Optimizing Generative AI Networking: A Dual Perspective with Multi-Agent Systems and Mixture of Experts
Ruichen Zhang, Hongyang Du, Dusit Niyato, Jiawen Kang, Zehui Xiong, Ping Zhang, Dong In Kim
TL;DR
The paper addresses the high computational burden and limited adaptability of centralized GenAI in next-generation networks. It proposes a hybrid framework that combines Multi-Agent Systems (MAS) for dynamic, distributed task coordination with Mixture of Experts (MoE) for expert-driven execution, culminating in a novel MoE-PPO approach for 3D object generation and data transfer. Key contributions include a comprehensive architectural and applicability analysis of MAS and MoE for GenAI in networking, plus a case study demonstrating improved performance and cost efficiency under diverse network conditions. The work highlights the potential of MAS-MoE hybrids to enable scalable, adaptive GenAI-enabled networking and points toward semantic-communication-oriented research as a practical long-term impact.
Abstract
In the continued development of next-generation networking and artificial intelligence content generation (AIGC) services, the integration of multi-agent systems (MAS) and the mixture of experts (MoE) frameworks is becoming increasingly important. Motivated by this, this article studies the contrasting and converging of MAS and MoE in AIGC-enabled networking. First, we discuss the architectural designs, operational procedures, and inherent advantages of using MAS and MoE in generative AI to explore its functionality and applications fully.
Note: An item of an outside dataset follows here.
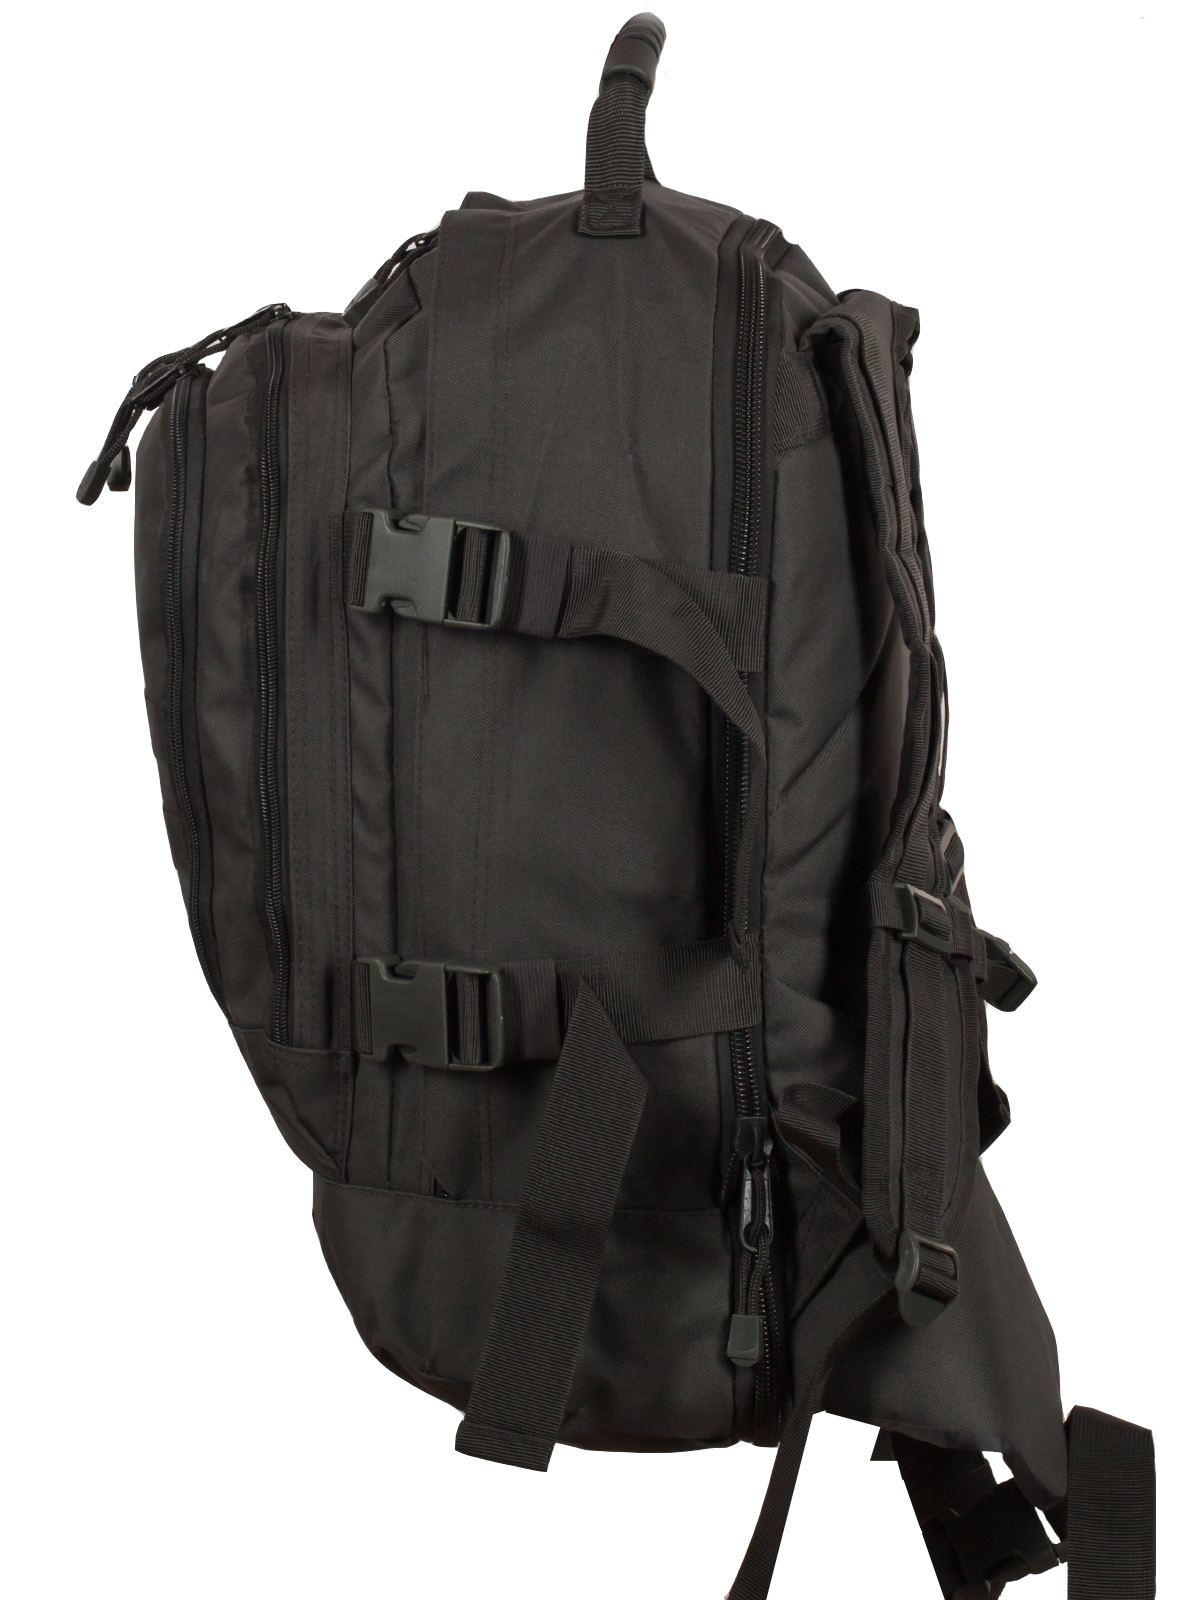 Универсальный рюкзак для города и полевых выходов 3-Day Expandable Backpack 08002A Dark Grey с эмблемой "Россия"

Next, we review the applications of MAS and MoE frameworks in content generation and resource allocation, emphasizing their impact on networking operations. Subsequently, we propose a novel multi-agent-enabled MoE-proximal policy optimization (MoE-PPO) framework for 3D object generation and data transfer scenarios. The framework uses MAS for dynamic task coordination of each network service provider agent and MoE for expert-driven execution of respective tasks, thereby improving overall system efficiency and adaptability. The simulation results demonstrate the effectiveness of our proposed framework and significantly improve the performance indicators under different network conditions. Finally, we outline potential future research directions.